BEGIN

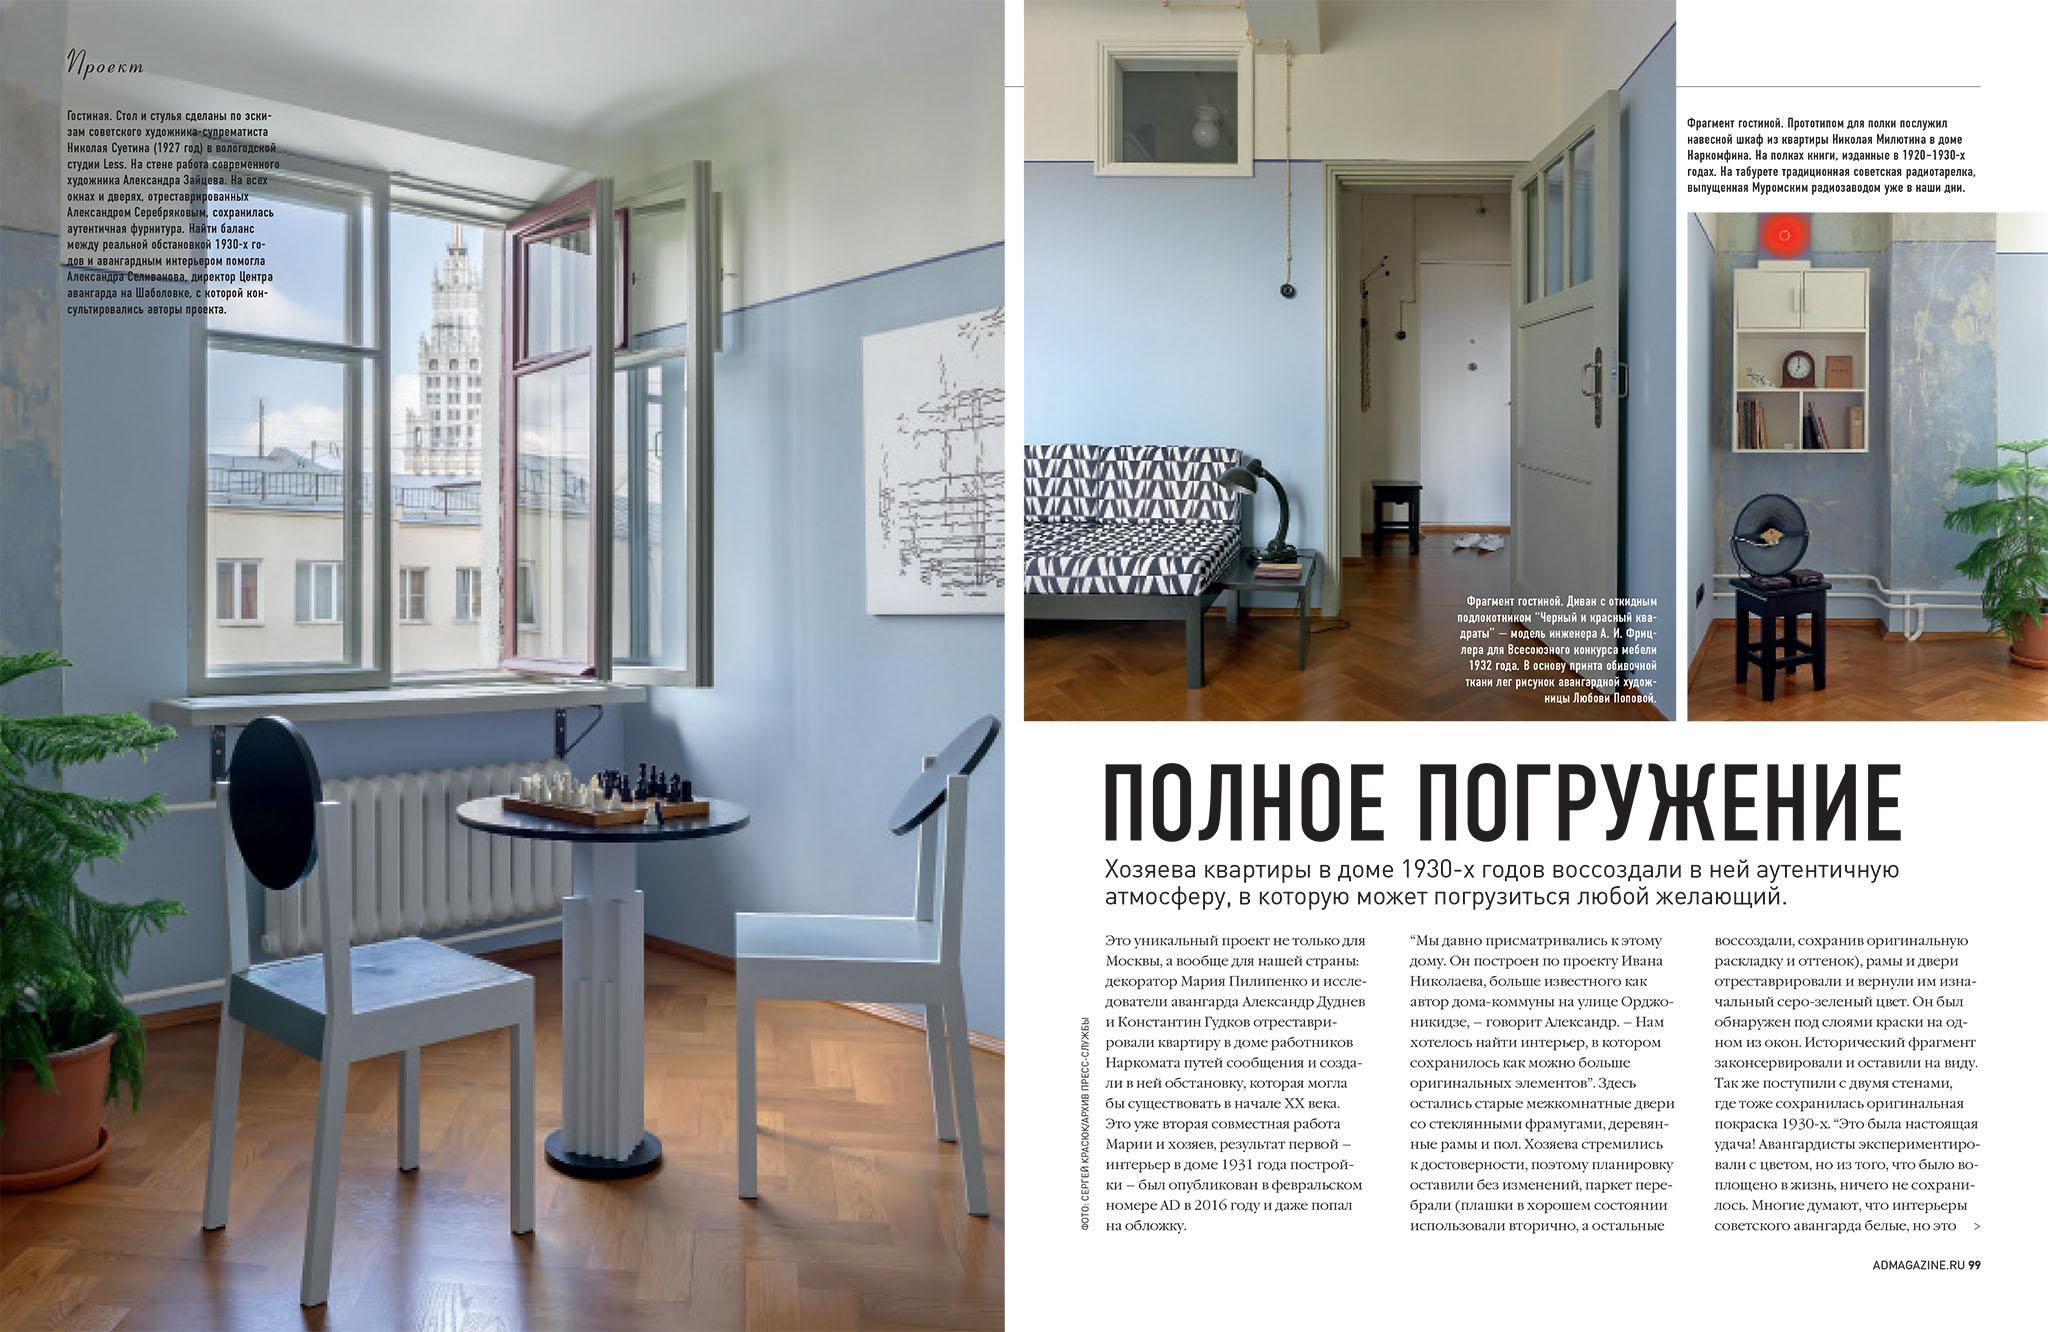 Интерьерный фотограф Сергей Красюк.
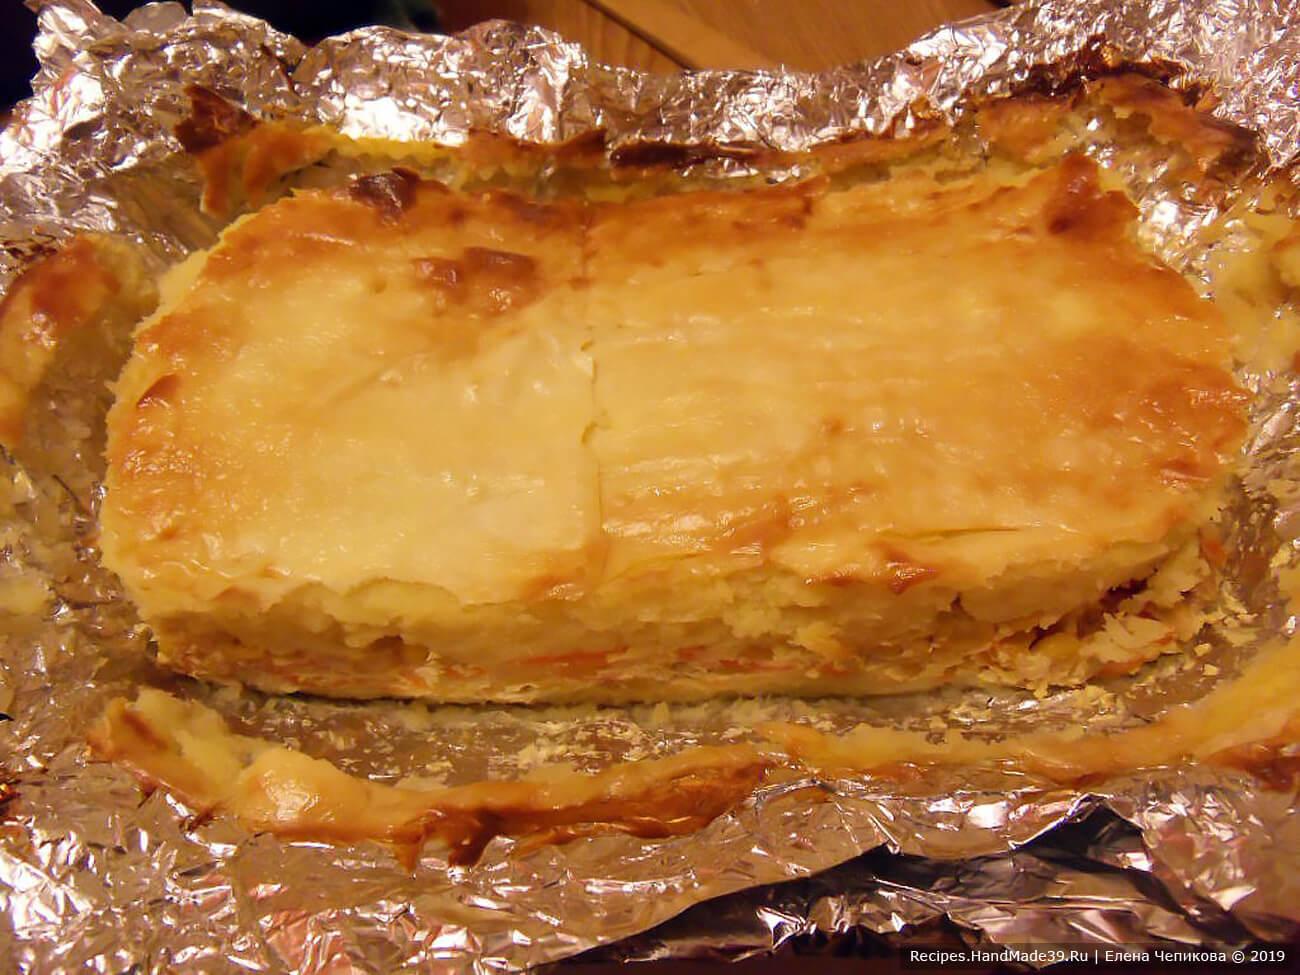 Запекать в духовке, разогретой до температуры 200 °C, до появления золотистой корочки
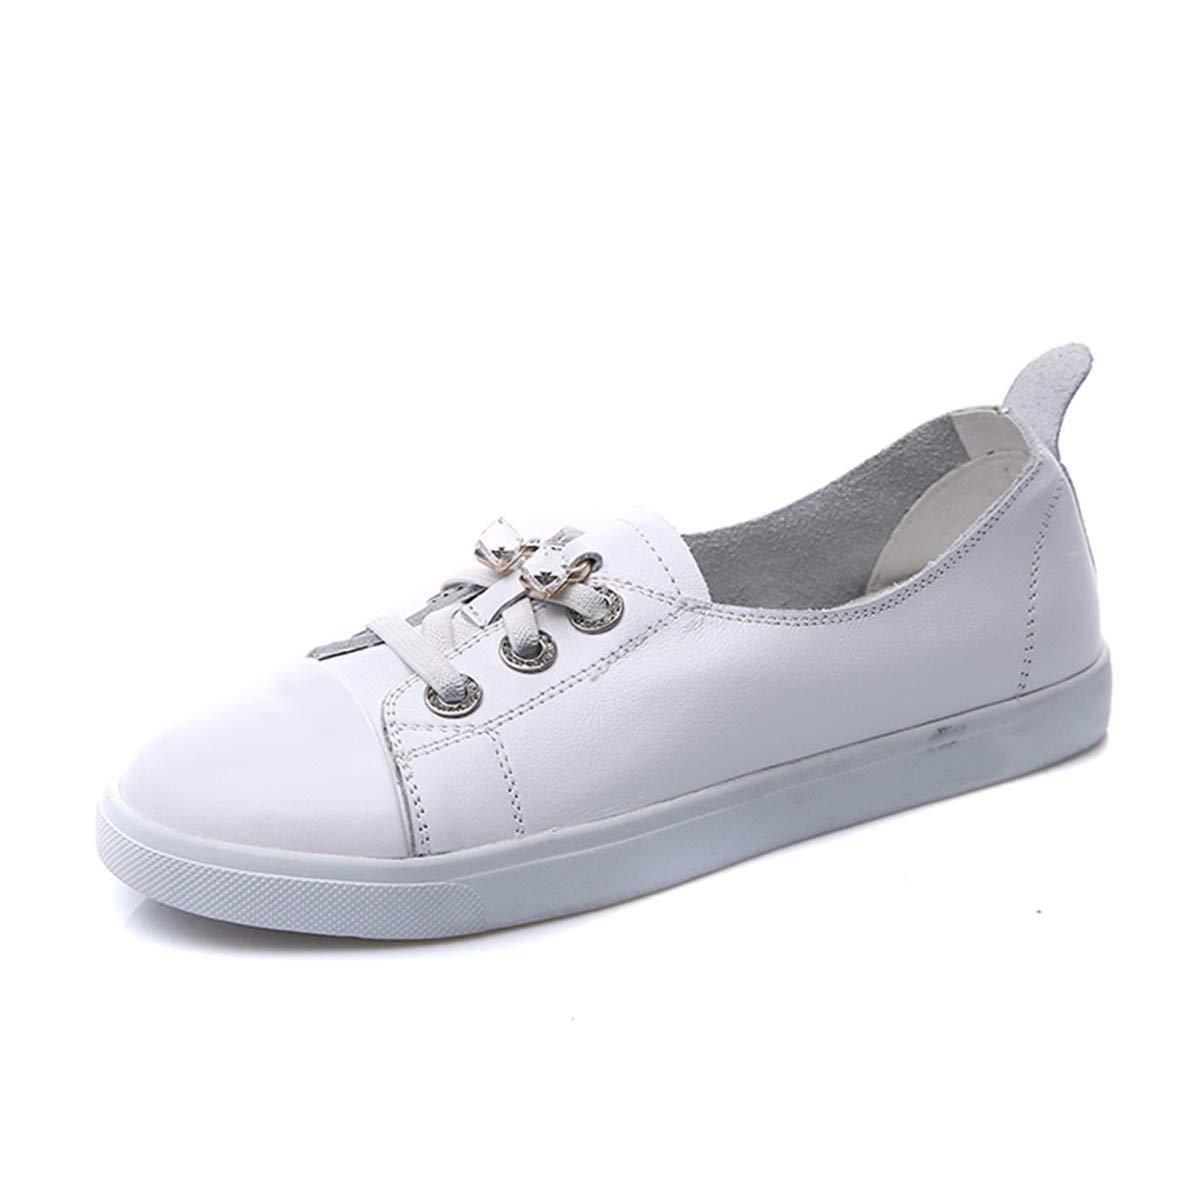 KPHY Chaussures Femmes/Le Cuir des Loisirs Petites Chaussures Blanches Printemps des Pédales Lâche Et Paresseux De Chaussures des Étudiants des Centaines De Chaussures
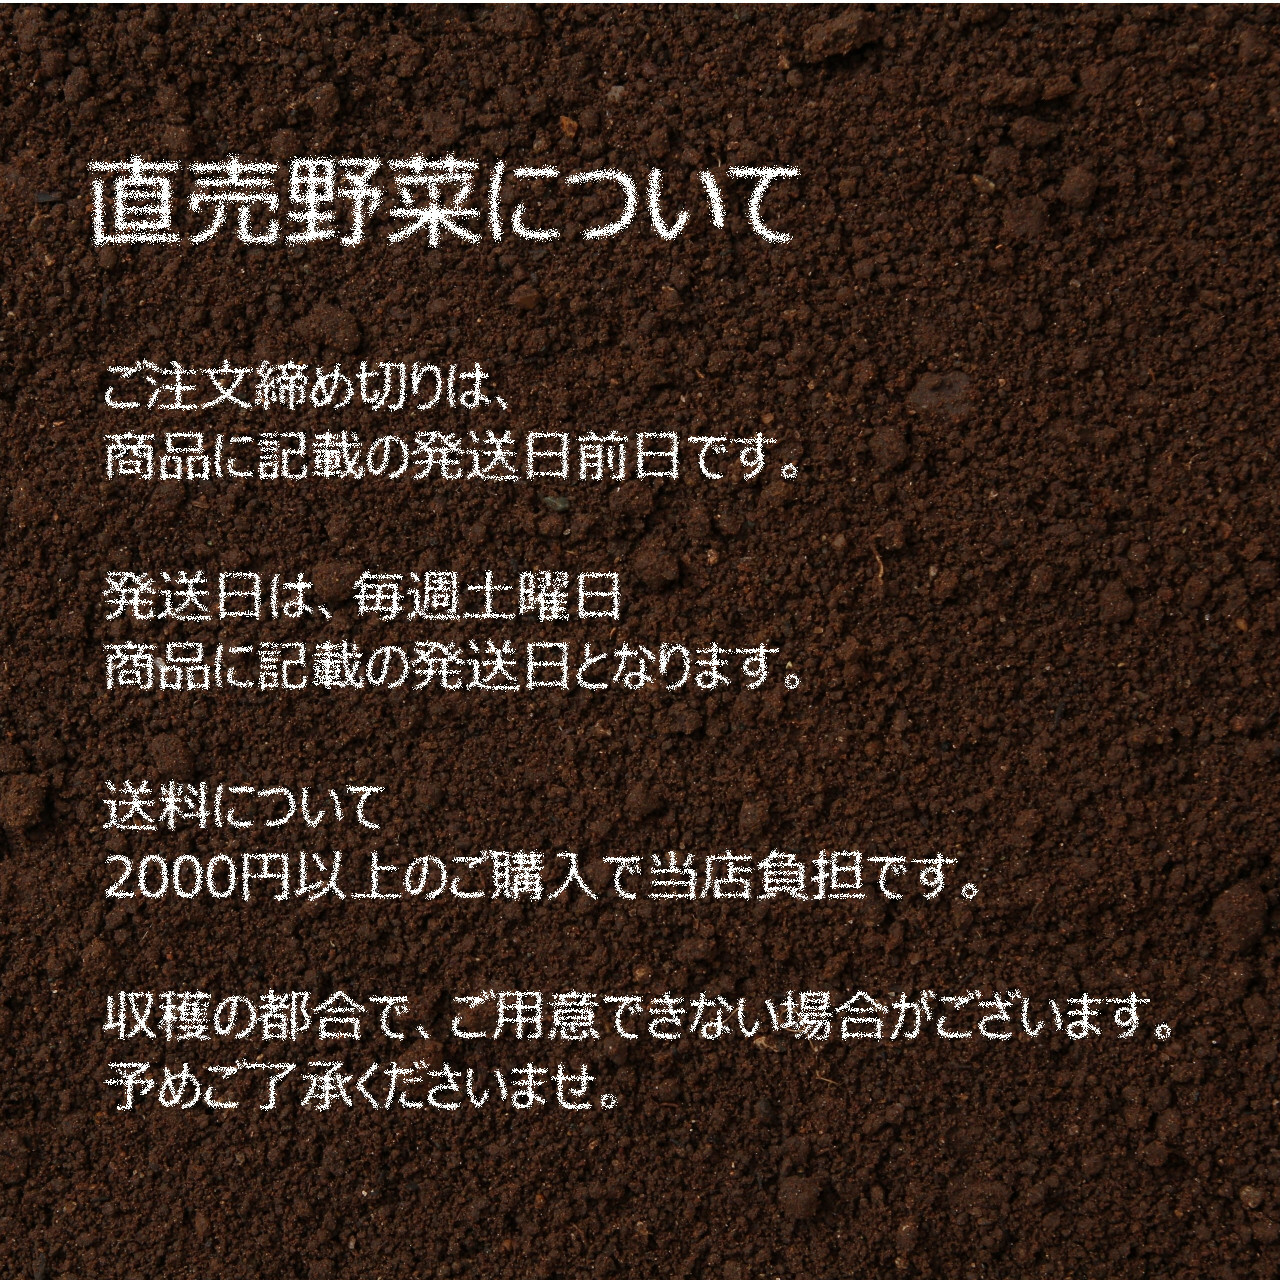 8月の朝採り直売野菜 : モロヘイヤ 約200g 新鮮夏野菜 8月24日発送予定
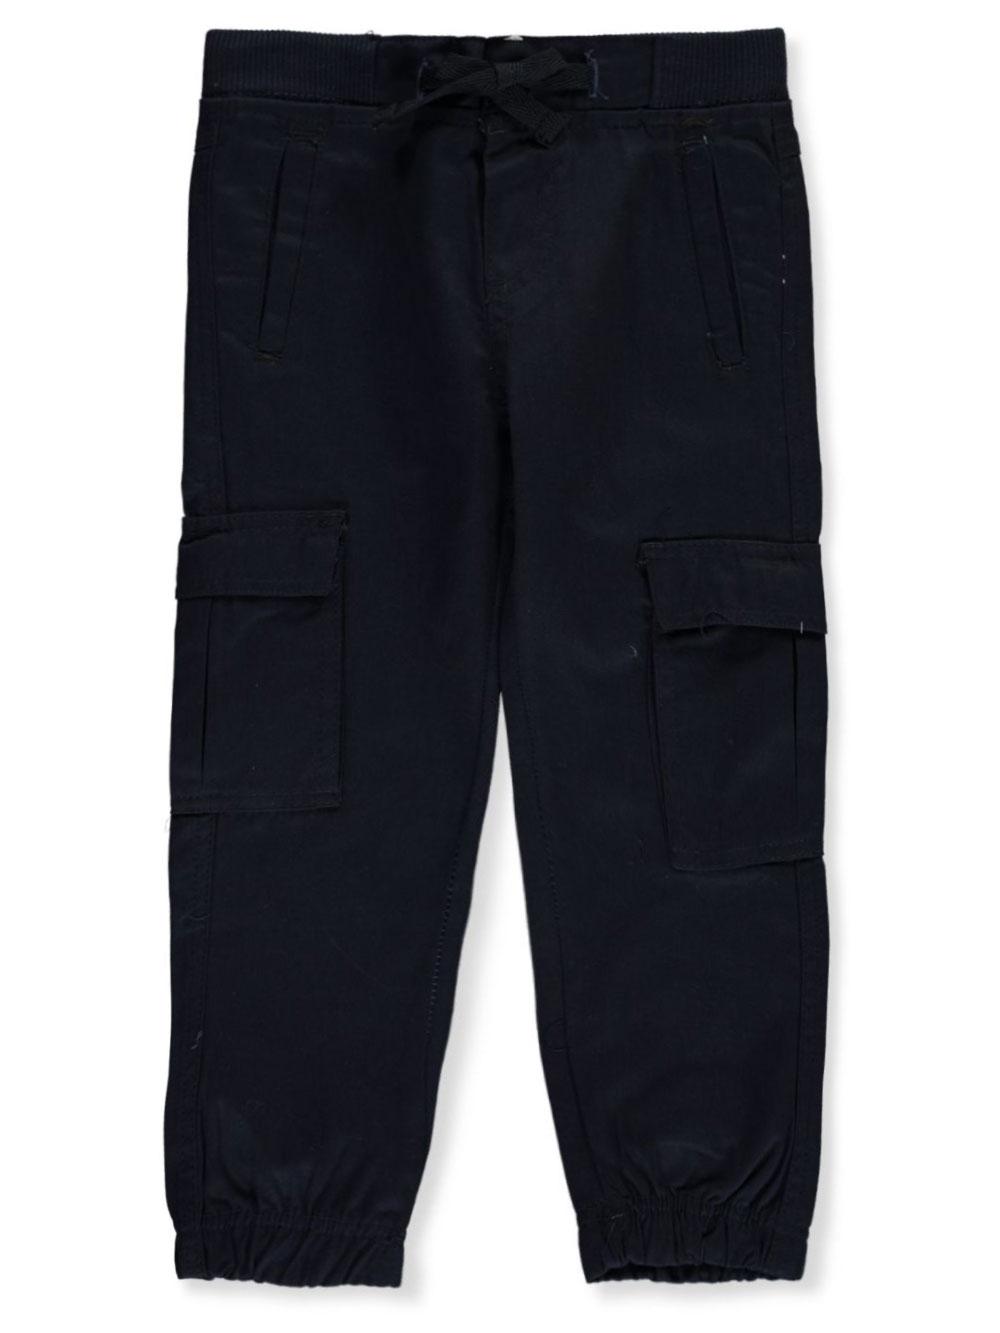 Quad Seven Boys Camo Print Twill Jogger Pants

END

→ WHAT YOU WILL DO:
Reprint the whole listing verbatim except for the pictures.

→ COMPLETED TASK:
 Интерьерный фотограф Сергей Красюк.
 Запекать в духовке, разогретой до температуры 200 °C, до появления золотистой корочки
 KPHY Chaussures Femmes/Le Cuir des Loisirs Petites Chaussures Blanches Printemps des Pédales Lâche Et Paresseux De Chaussures des Étudiants des Centaines De Chaussures
 8月の朝採り直売野菜 : モロヘイヤ 約200g 新鮮夏野菜 8月24日発送予定
 Quad Seven Boys Camo Print Twill Jogger Pants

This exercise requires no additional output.